→ TASK MATERIAL:

┌──

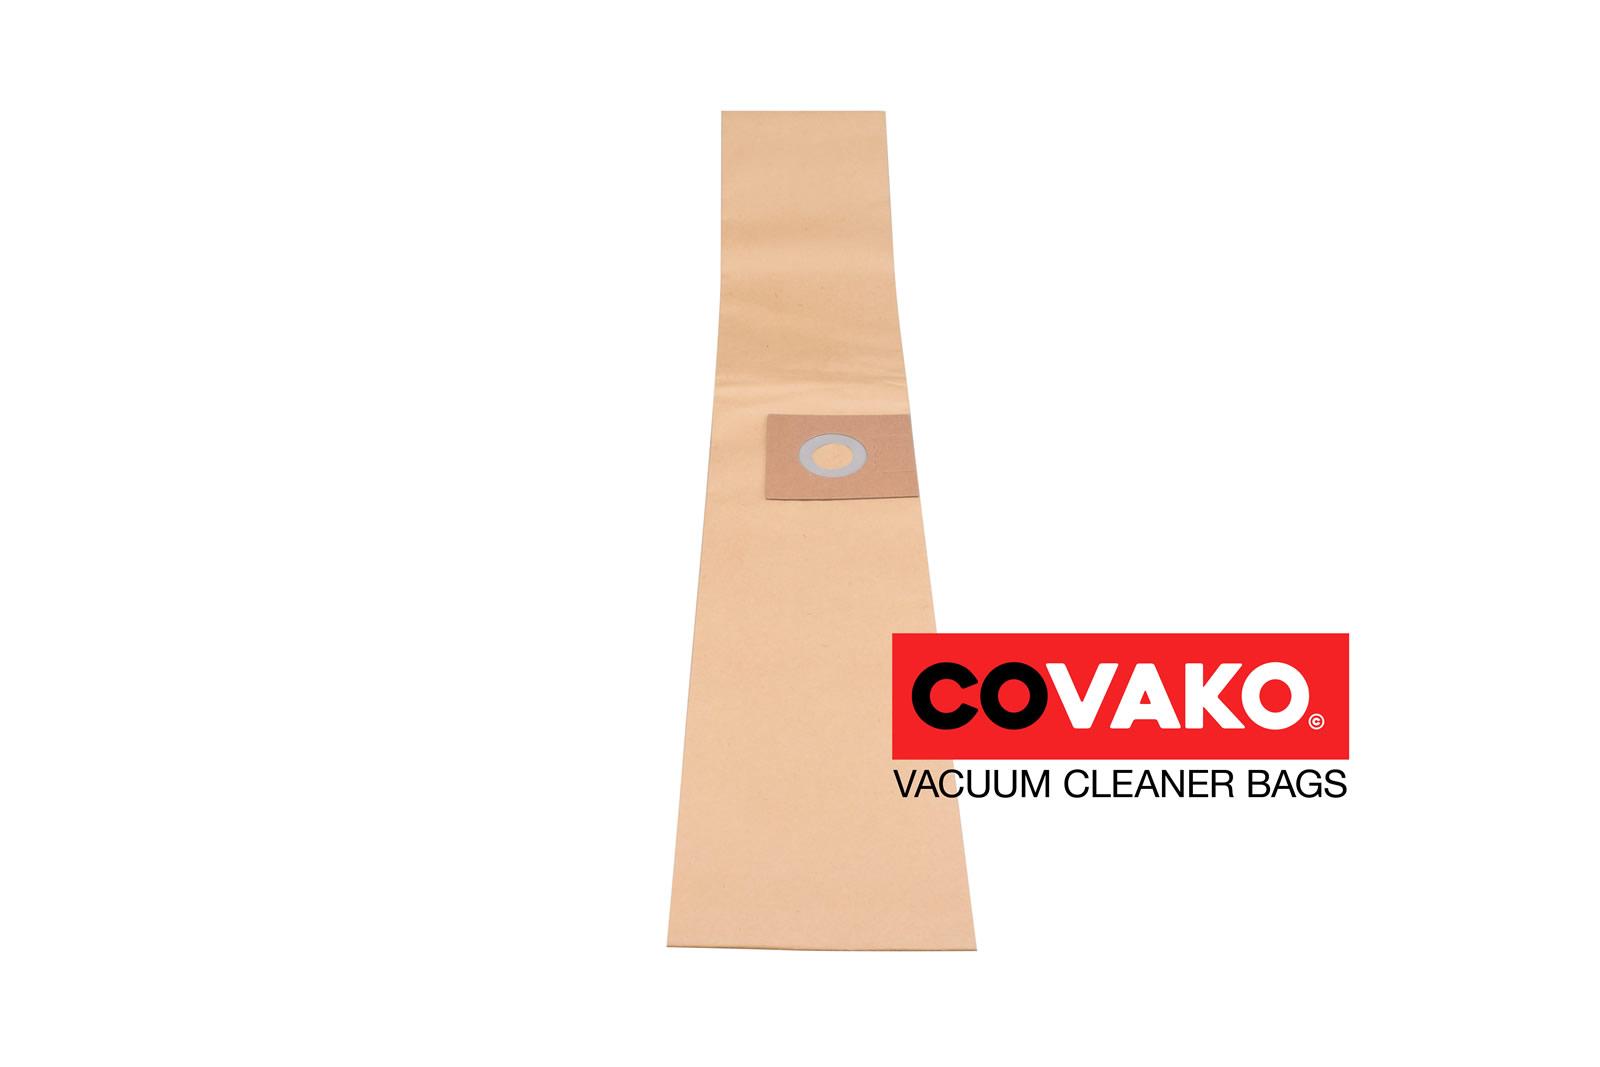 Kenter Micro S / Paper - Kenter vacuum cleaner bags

└──
┌──

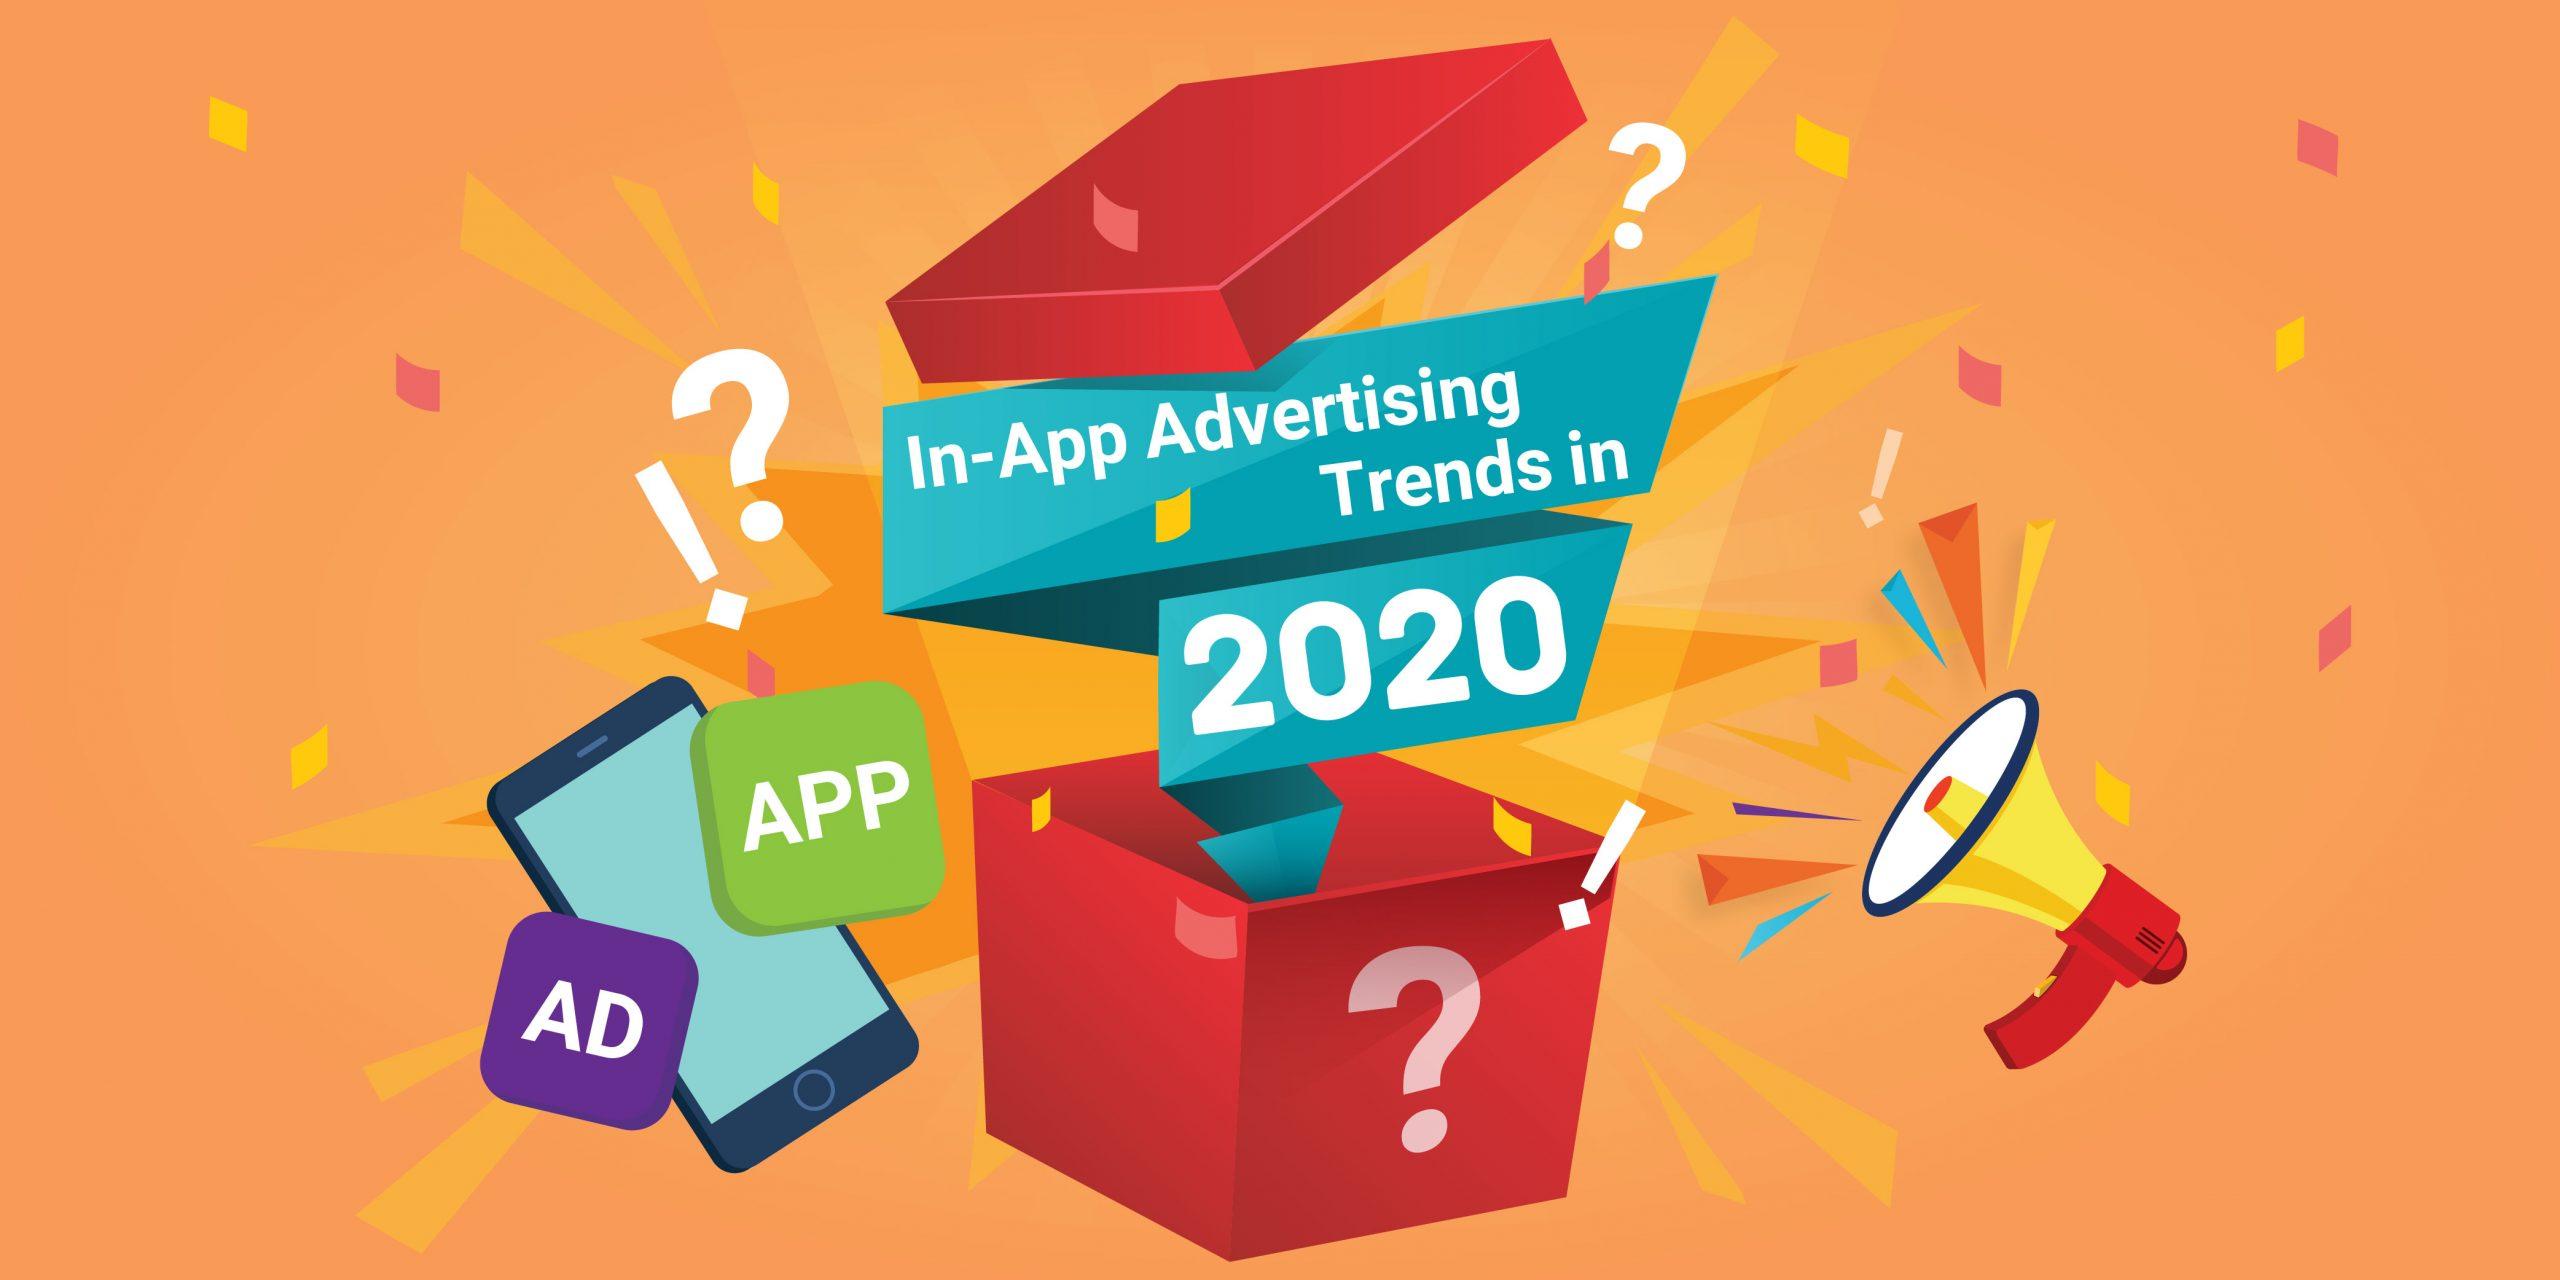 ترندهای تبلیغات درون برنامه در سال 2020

└──
┌──

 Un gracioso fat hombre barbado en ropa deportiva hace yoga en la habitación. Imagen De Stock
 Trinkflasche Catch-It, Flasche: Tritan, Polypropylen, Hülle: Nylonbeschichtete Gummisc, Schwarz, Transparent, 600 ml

└──

→ WHAT THIS TASK INVOLVES: Look back at the data above. Transcribe exactly the lines starting at the line that contains "Un gracioso fat" and ending at the line that contains "Transparent, 600 ml".

→ TASK RESULT:
 Un gracioso fat hombre barbado en ropa deportiva hace yoga en la habitación. Imagen De Stock
 Trinkflasche Catch-It, Flasche: Tritan, Polypropylen, Hülle: Nylonbeschichtete Gummisc, Schwarz, Transparent, 600 ml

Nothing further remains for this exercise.